Abbreviations: HH: Huntington-Hill, EP: Equal Proportions, SL: Sainte-Laguë.

The data are typical in the sense, that the solutions prescribed by the different methods are very similar. This is quite common in apportionment, see other examples in refs. [26] or [23]. Given that the apportionment may significantly affect the outcome of the election even small differences matter. The computation of the SRD values are displayed in Table A in S1 Appendix, the results of the CRRN analysis is shown in Fig 2.

All (normalized) SRD values fall outside the 5% threshold (XX1: 5% threshold, Med: Median, XX19: 95% threshold). The black curve is a continuous approximation of the cumulative distribution function of the random SRD values.

With the exception of the exotic Macau method all apportionment methods perform well. Somewhat unexpectedly, the Imperiali method, a non-regular divisor method, shares first place with the Leximin method. This is even more perplexing considering that the Imperiali method does not satisfy *exact quota*. That is, the Imperial method may not produce a perfectly proportional allocation even if such exists. The reason becomes clear when we consider how the Imperiali method handles the quotas. Oslo the largest administrative region gets more seats than its upper quota, while Finnmark, the smallest county gets less than its lower quota. Note, that SRD is insensitive for this kind of bias, the ranking does not change if the largest receives more, or if the smallest obtains less seats. Although the Imperiali seems to favor large states even more than the Jefferson/D’Hondt method, it treats the middle more fairly.

Although the Macau method is inferior compared to the other methods, it still falls outside of the 5% threshold, which means that it is better than a random ranking. Cross-validation also reveals how the solutions are organized (see Fig 3). According to the Wilcoxon test, the Leximin and the Imperiali methods perform significantly better than the Adams or Jefferson/D’Hondt method. The latter two is significantly better, than the EP, Webster and Hamilton methods, while the Macau method lags far behind.

‘∼’ indicates that there is no significant difference between the solutions, while ‘<’ indicates that the solutions significantly differ (at the 5% level).

Note that, in the Apportionment problem the rows of the data matrix are dependent in the sense that the total allotment should be equal to the House size.

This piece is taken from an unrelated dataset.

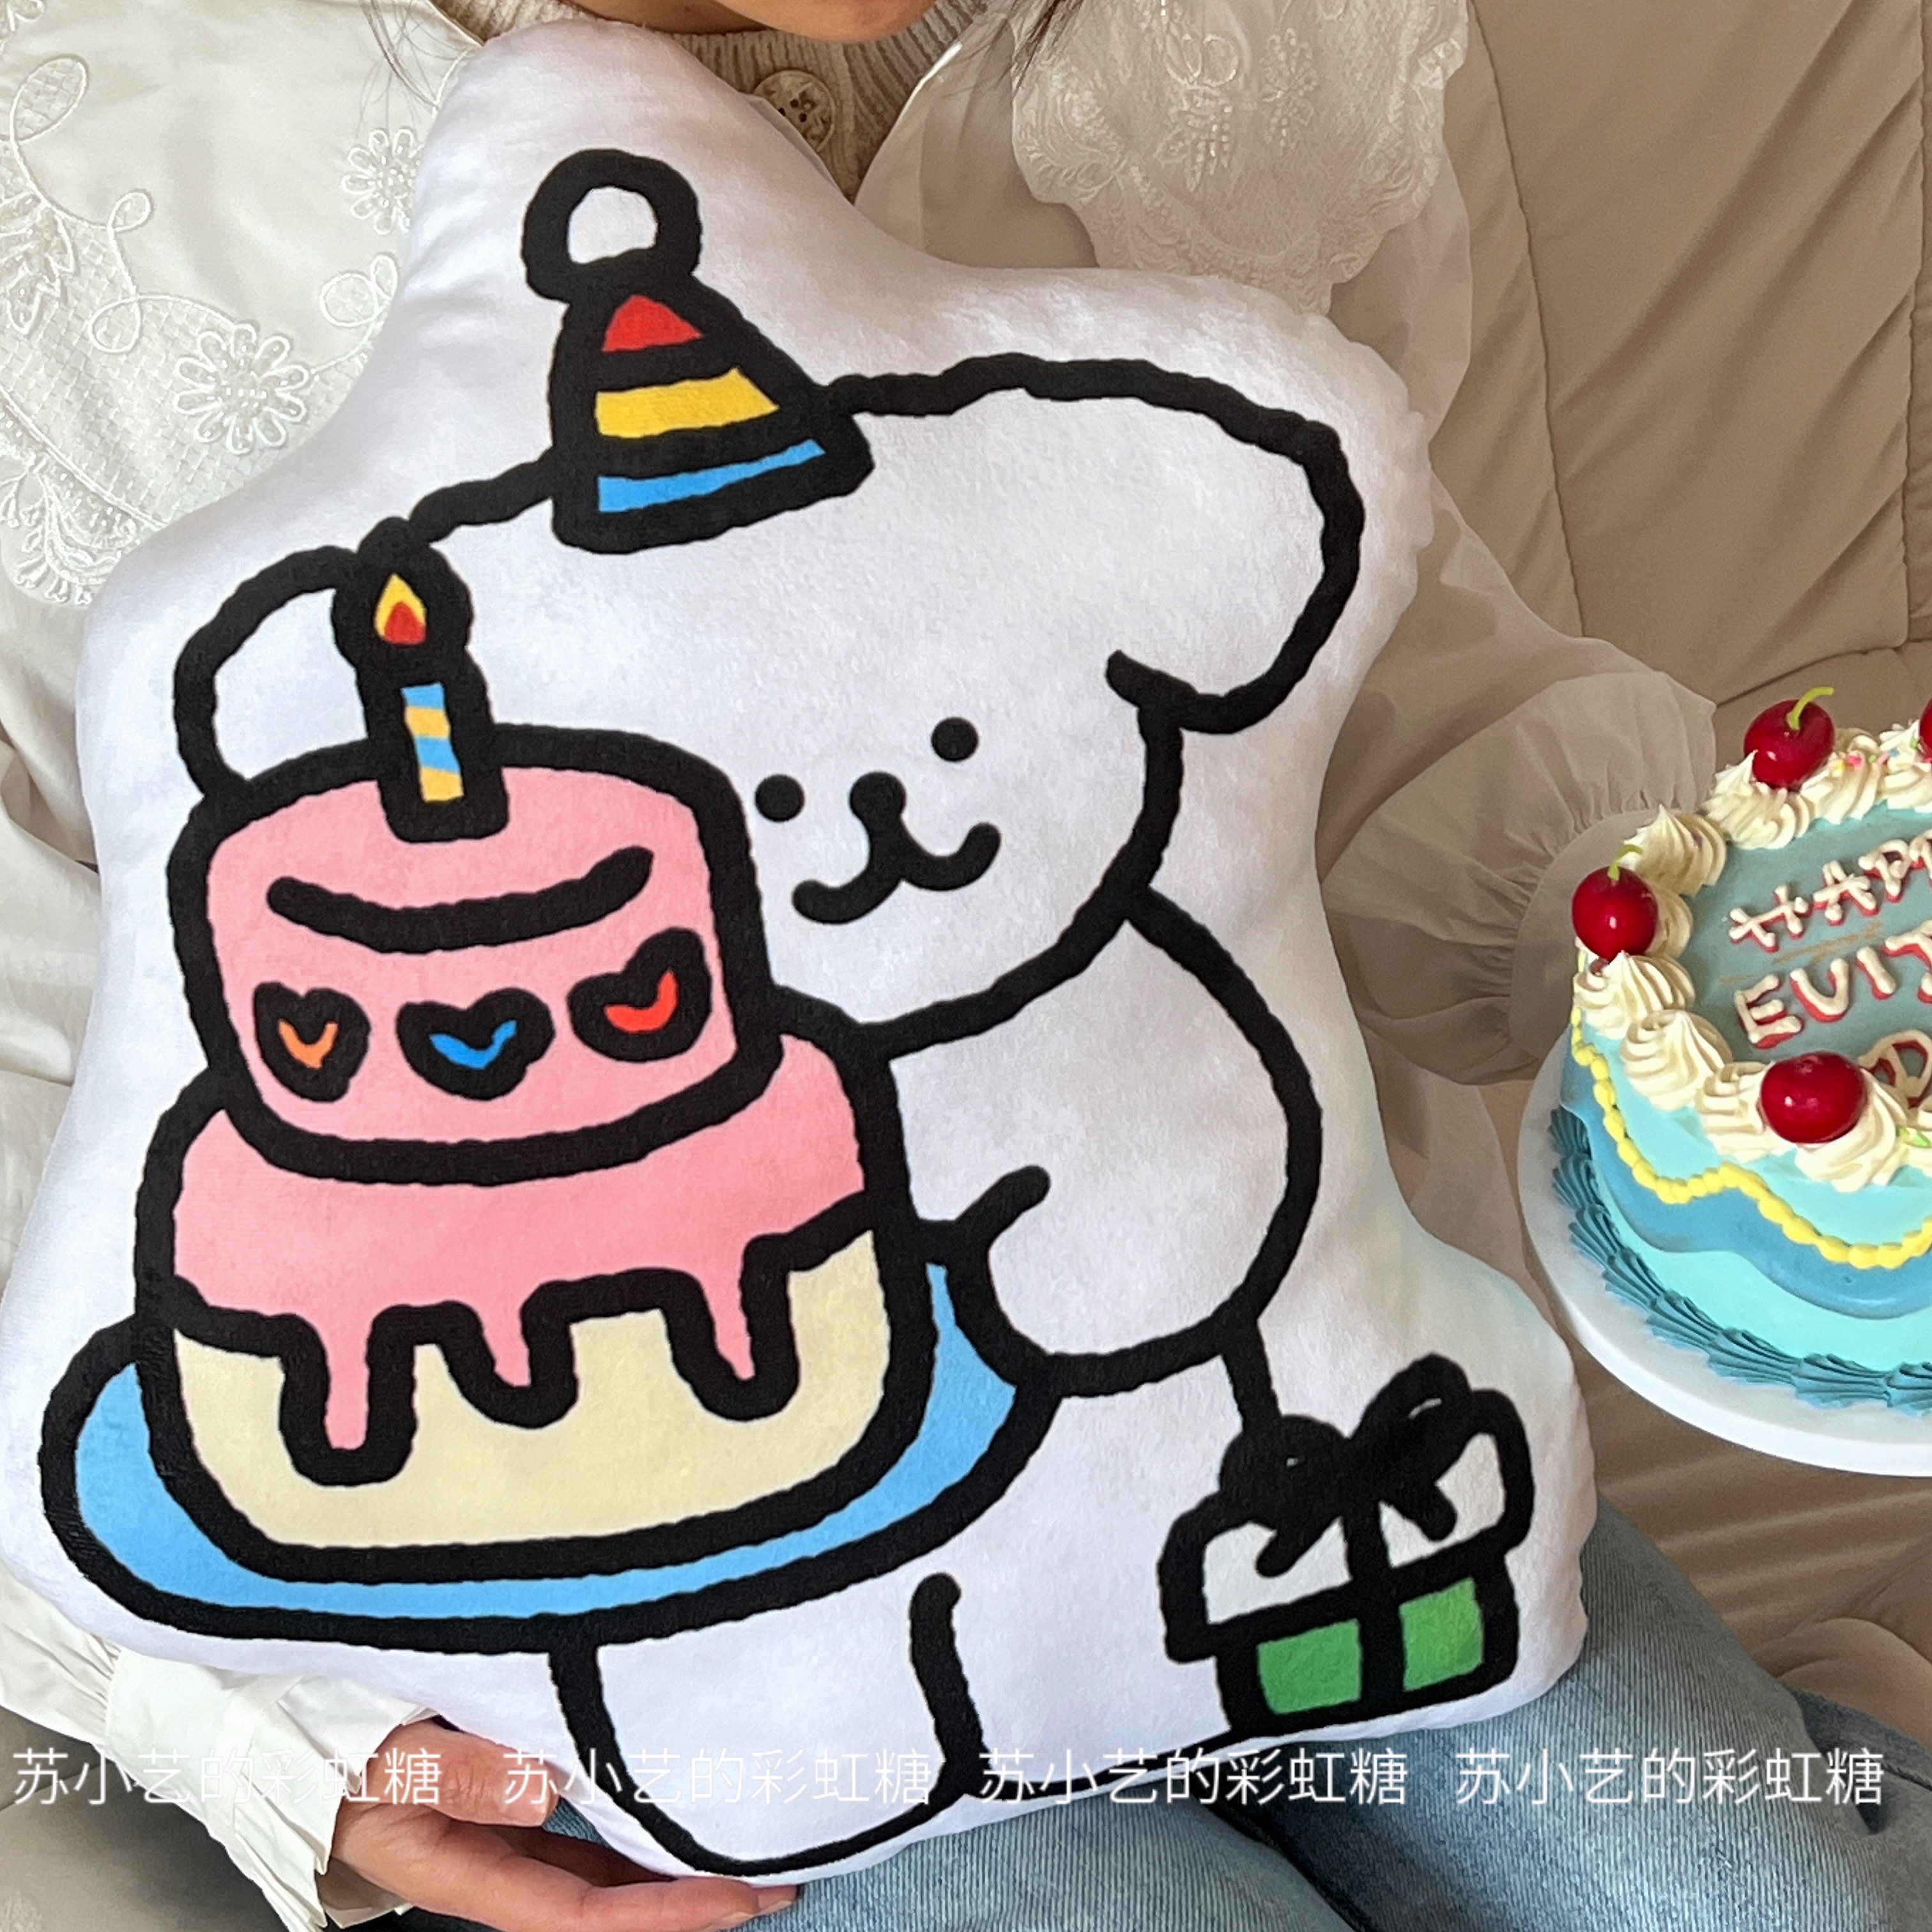 祝你生日快乐！原创小狗蛋糕抱枕沙发靠枕可爱卡通生日靠垫礼物

Thus, cross-validation might contain some noise for solutions that are not consistent. Divisor methods are not affected since they are coherent [35], meaning they assign the same allotment for a sub-set of the objects. In Social Choice literature, consistency is the most common expression used to describe this property [36]. In apportionment, the terminology is less consistent and coherence, consistency and uniformity have been equally used. Note that largest remainder methods and optimization methods may not be coherent in this sense. Overall the result should be robust as errors are scarce and cancel out, but for a precise ranking the solutions should be recalculated in each step during the cross-validation.

### Case study No 2: Districting

Ever since US Senator Elbridge Gerry redesigned Essex County’s state senate districts in 1812 to help his re-election, districting is under the spotlight of public attention and there is a continuous academic debate on how legislators ought to do it and how the court should deal with the problematic cases. Fig 4 demonstrates how a politically balanced state can be apportioned to favour one of the parties. Although, here compactness is not an issue, in real life voters are distributed much more erratically and gerrymandered districts tend to have a weird shape.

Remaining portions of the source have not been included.